Collected data:
——

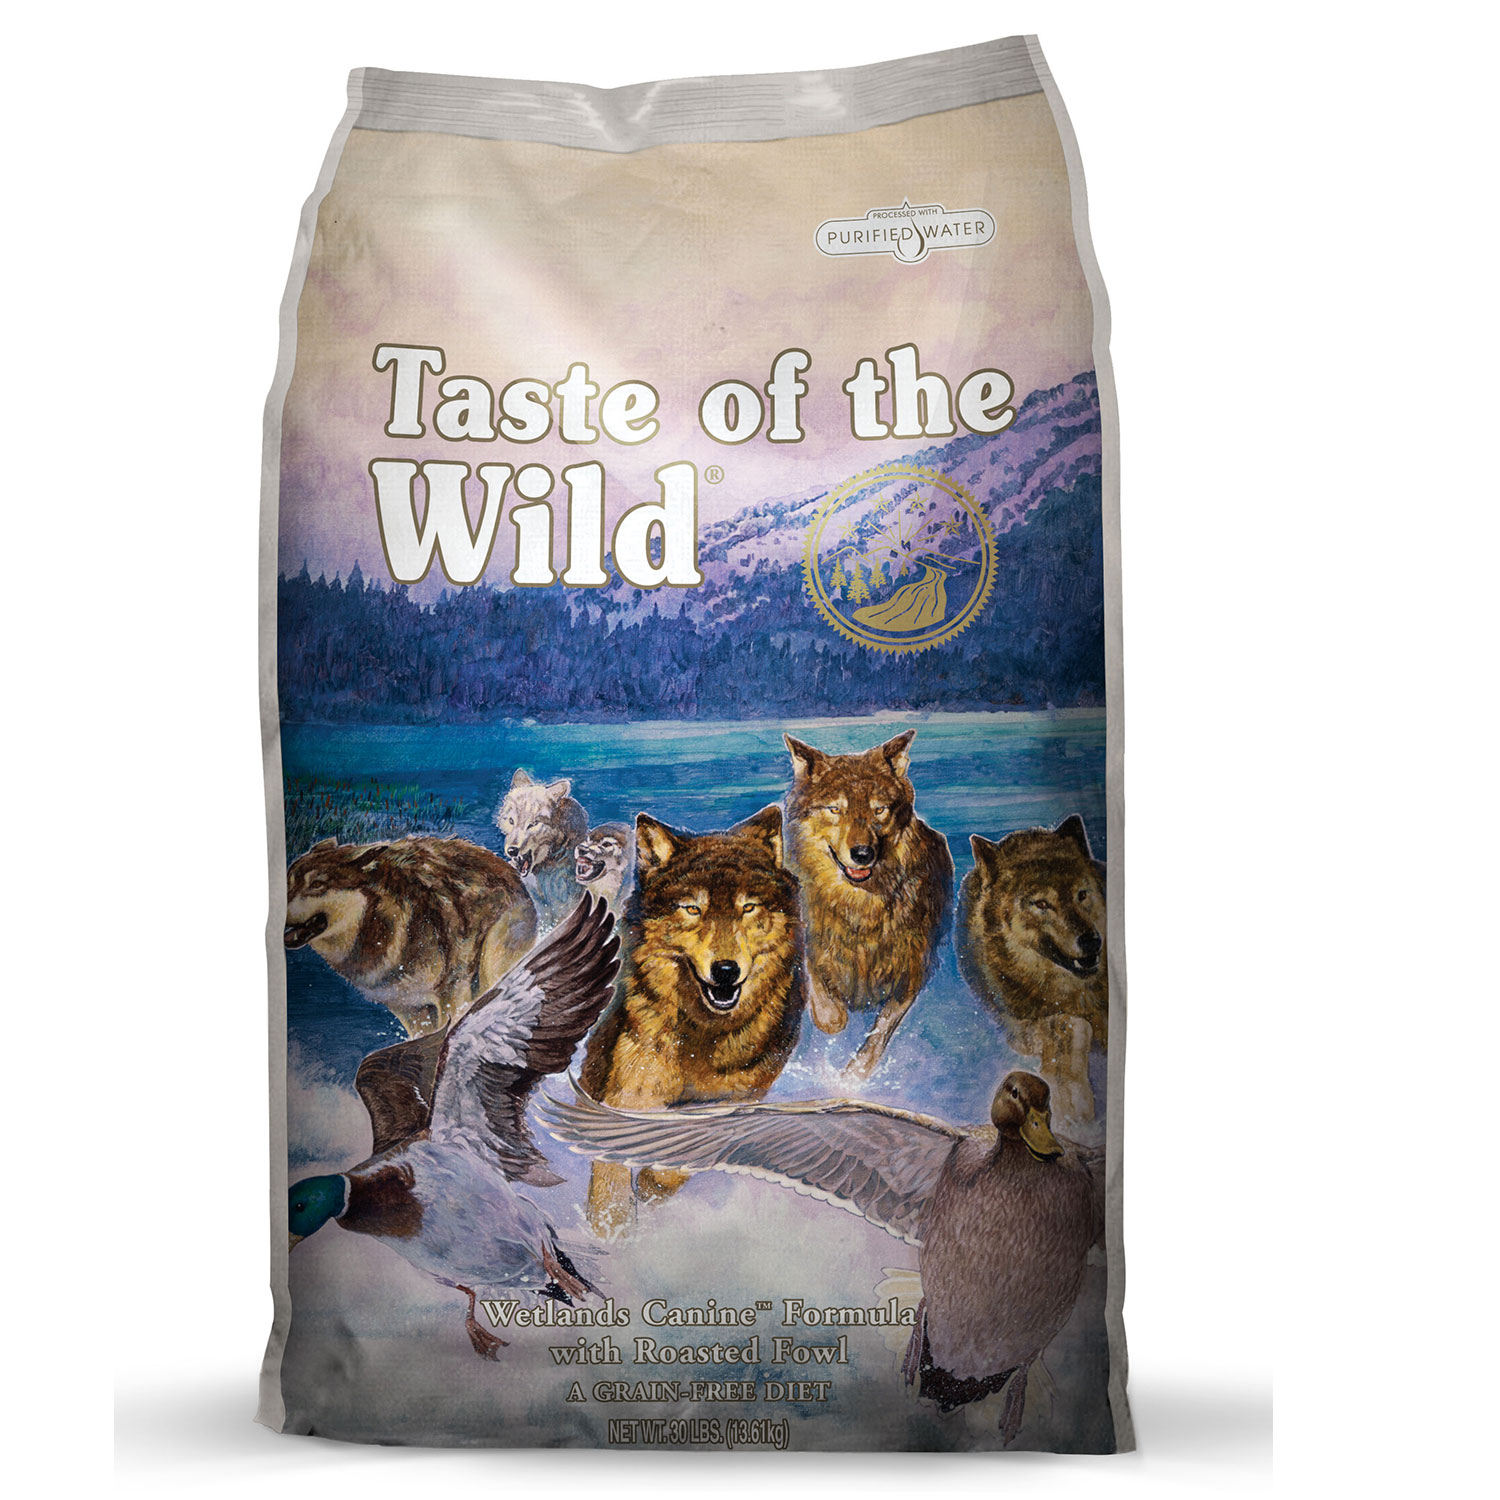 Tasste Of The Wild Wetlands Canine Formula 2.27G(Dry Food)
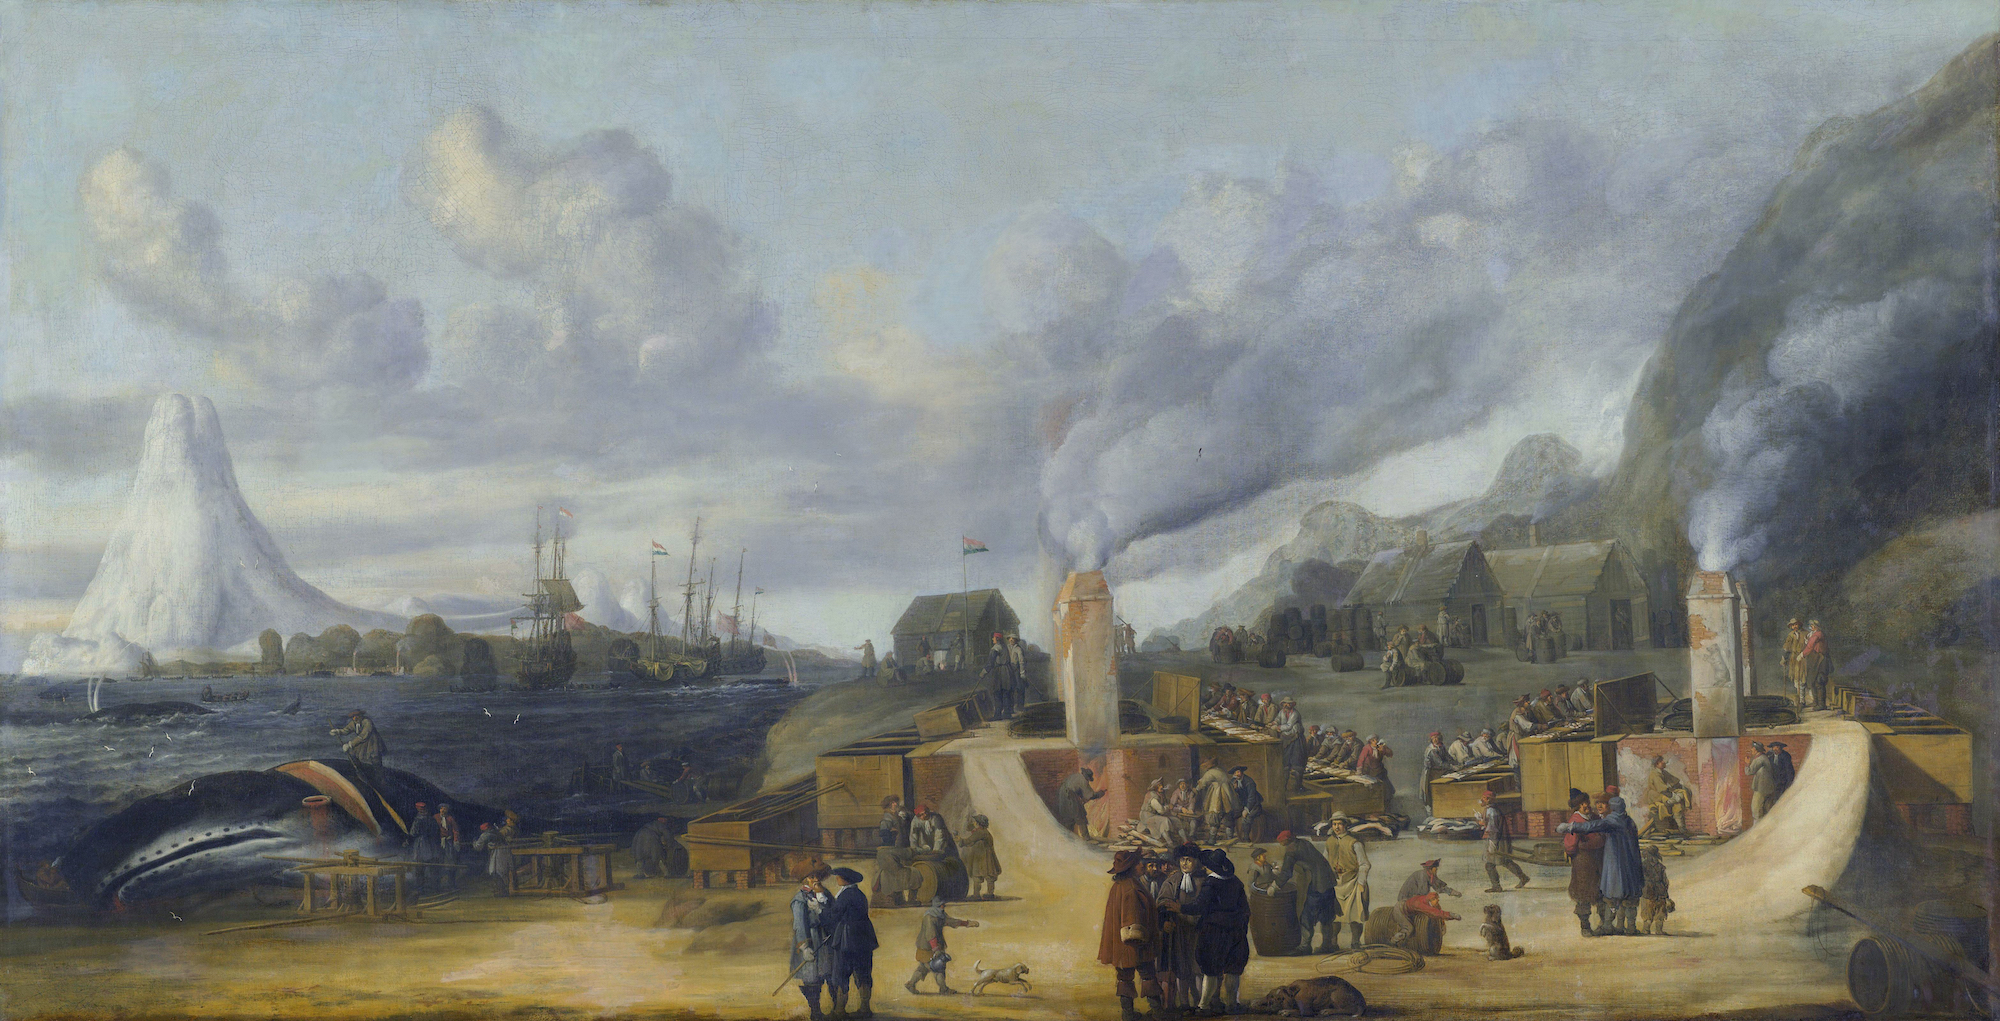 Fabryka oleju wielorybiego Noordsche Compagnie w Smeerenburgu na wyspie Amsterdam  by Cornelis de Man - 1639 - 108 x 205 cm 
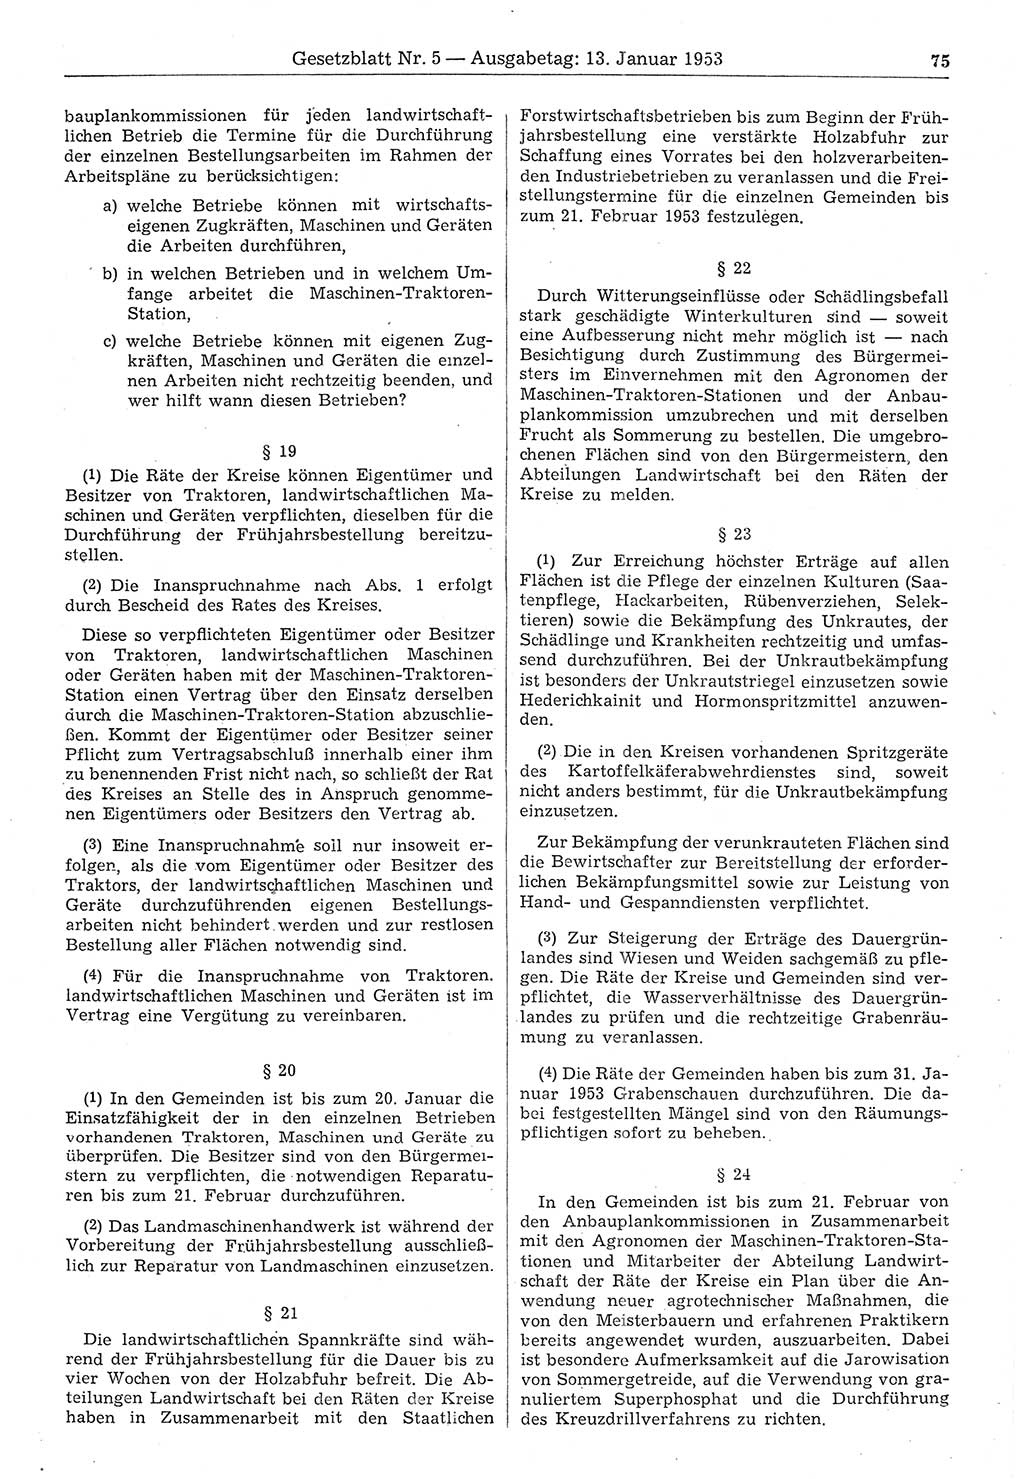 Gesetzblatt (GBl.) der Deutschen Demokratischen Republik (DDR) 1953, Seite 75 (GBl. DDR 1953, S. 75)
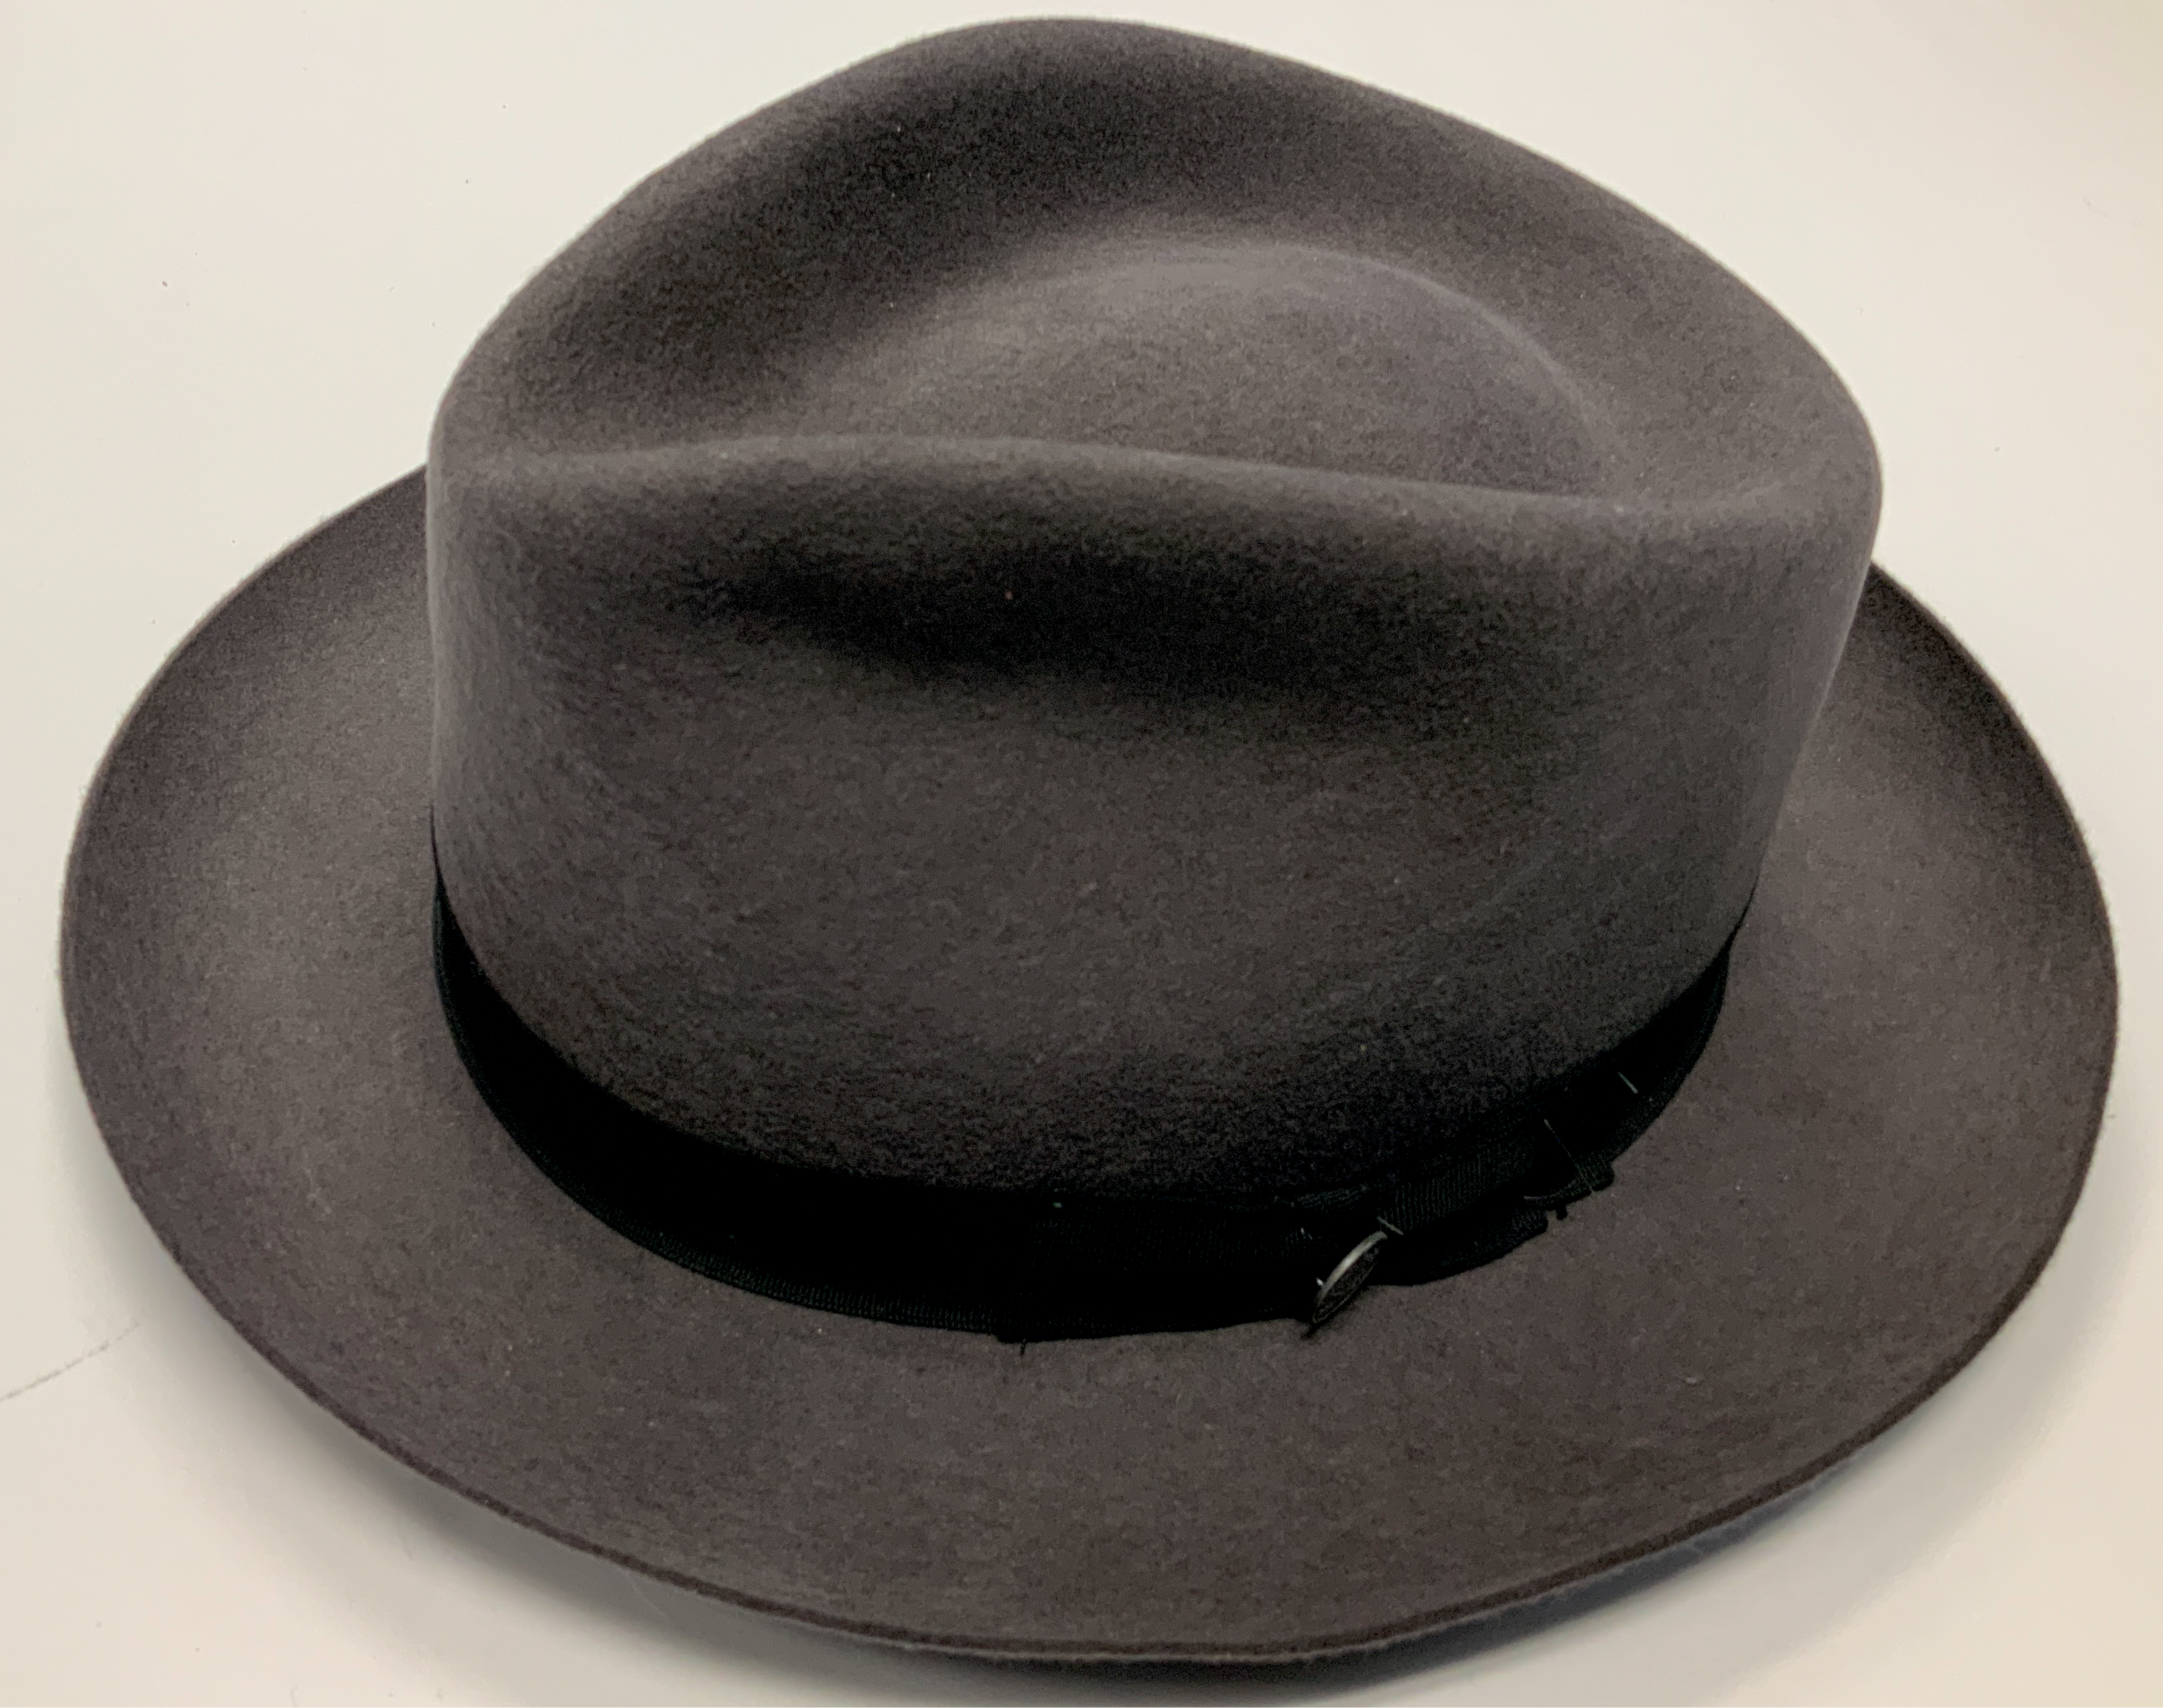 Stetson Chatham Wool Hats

——

What the task asks: Would you return the data above exactly as written, minus the images?

Your solution:
 Tasste Of The Wild Wetlands Canine Formula 2.27G(Dry Food)
 Fabryka oleju wielorybiego Noordsche Compagnie w Smeerenburgu na wyspie Amsterdam  by Cornelis de Man - 1639 - 108 x 205 cm 
 Gesetzblatt (GBl.) der Deutschen Demokratischen Republik (DDR) 1953, Seite 75 (GBl. DDR 1953, S. 75)
 Stetson Chatham Wool Hats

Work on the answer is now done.